If anything, these results suggest that a lot can happen to total and spine BMD between weeks 48 and 96 in people taking fosamprenavir with either dose of ritonavir--unless other variables for which the researchers could not account, or the dwindling sample sizes, explain these swings.
 
Median 96-week gains in leg fat were equivalent in the two groups (10.0% with 100 mg and 16.3% with 200 mg), as were median gains in trunk fat (14.5% with 100 mg and 18.5% with 200 mg). The different doses did not yield differing fasting lipid readings through 96 weeks.
 
The bottom line appears to be that 100 mg of ritonavir does as well virologically as 200 mg in boosting fosamprenavir in previously untreated people.
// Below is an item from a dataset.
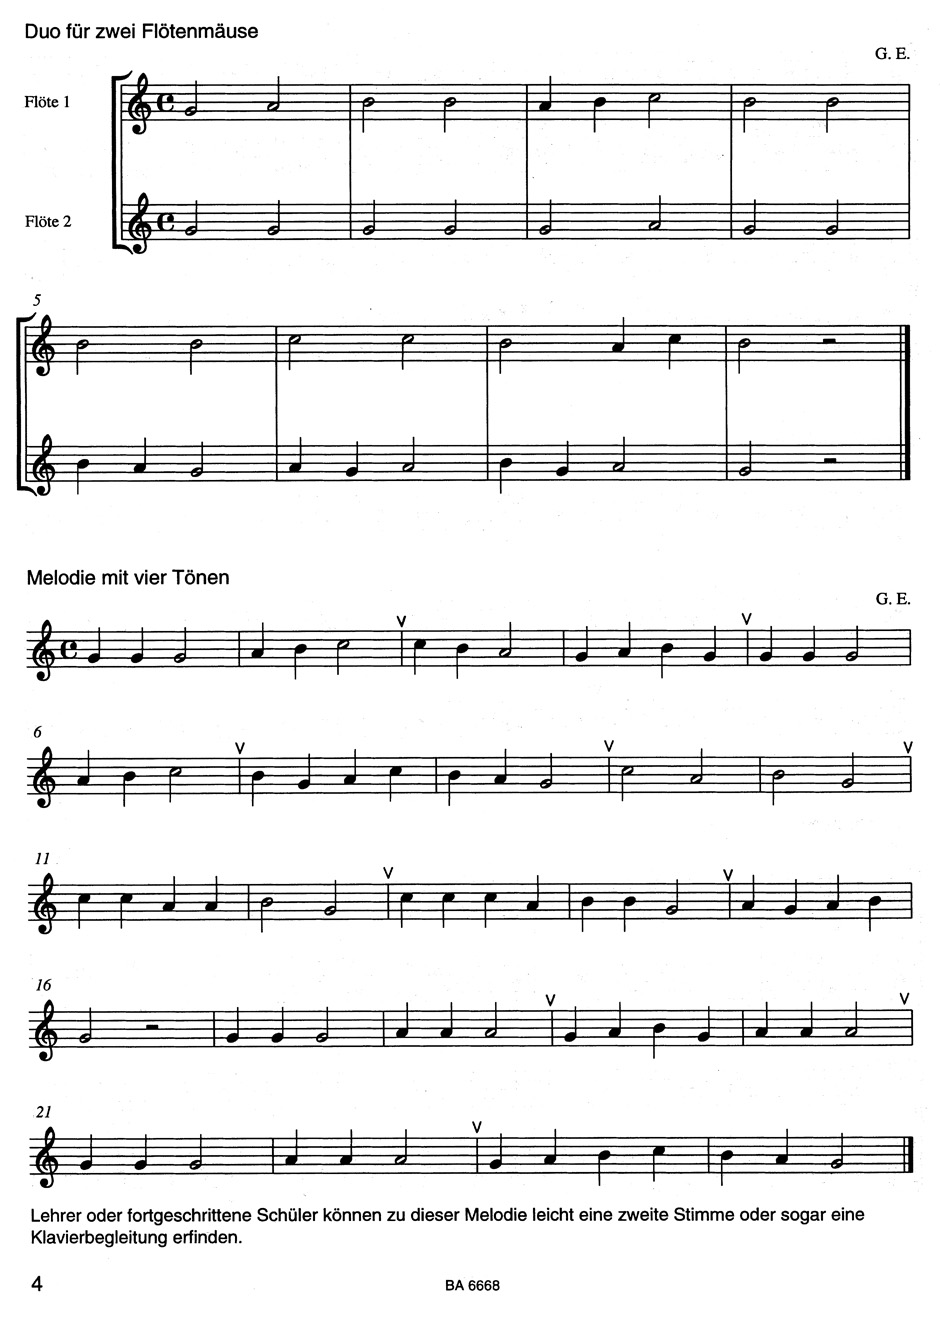 Musiknoten Die Flötenmaus, Band 1, Engel

And there seem to be no marked differences in this study between the two doses in metabolic abnormalities or body fat changes, except for a hard-to-explain arm-fat deficit with 100 mg.
 
References
1. Wohl DA, DeJesus E, Sloan L, et al. Fat changes by total body DEXA after 96 weeks of treatment with once-daily fosamprenavir with either 100 or 200 mg of ritonavir plus abacavir/lamivudine: COL10075. 48th Annual International Conference on Antimicrobial Agents and Chemotherapy (ICAAC). October 25-28, 2008. Washington, DC. Abstract H-2302.
2. Hicks C, et al. Once-daily fosamprenavir boosted with either 100 mg or 200 mg of ritonavir along with abacavir/lamivudine: 48 week safety and efficacy results from COL100758. 11th European AIDS Conference. October 25-26, 2007. Madrid. Abstract P5.7/01.
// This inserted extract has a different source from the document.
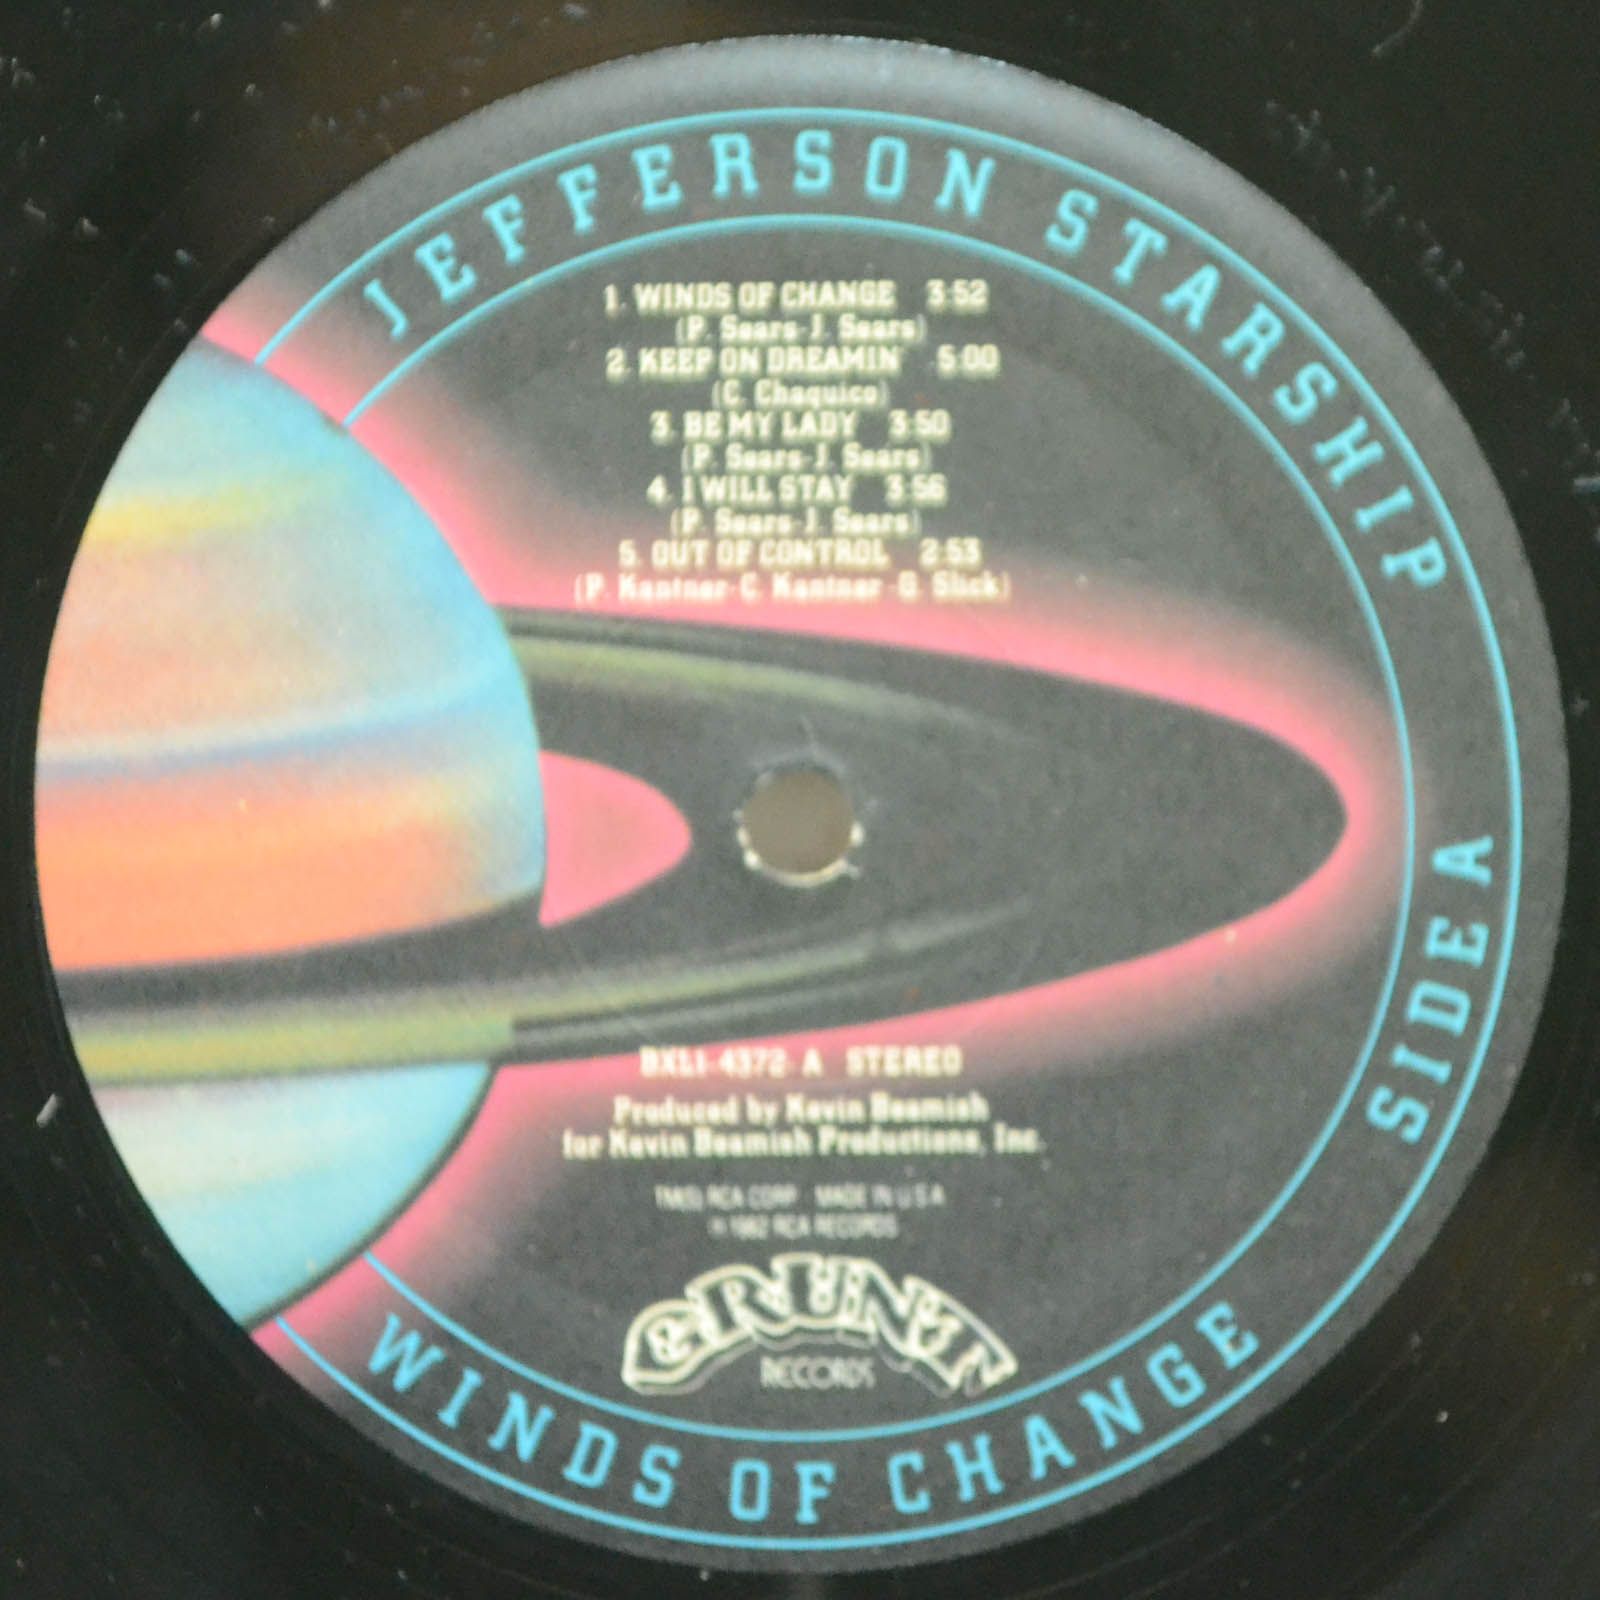 Jefferson Starship — Winds Of Change, 1982

3. Wohl DA, Lancaster T, DeJesus E, et al. Determination of body composition changes by total body dual-energy x-ray absorptiometry after 48 weeks of treatment with once-daily fosamprenavir boosted with two different doses of ritonavir plus abacavir/lamivudine: COL100758. 4th IAS Conference on HIV Pathogenesis, Treatment and Prevention. July 22-25, 2007. Sydney. Abstract TUPEB080.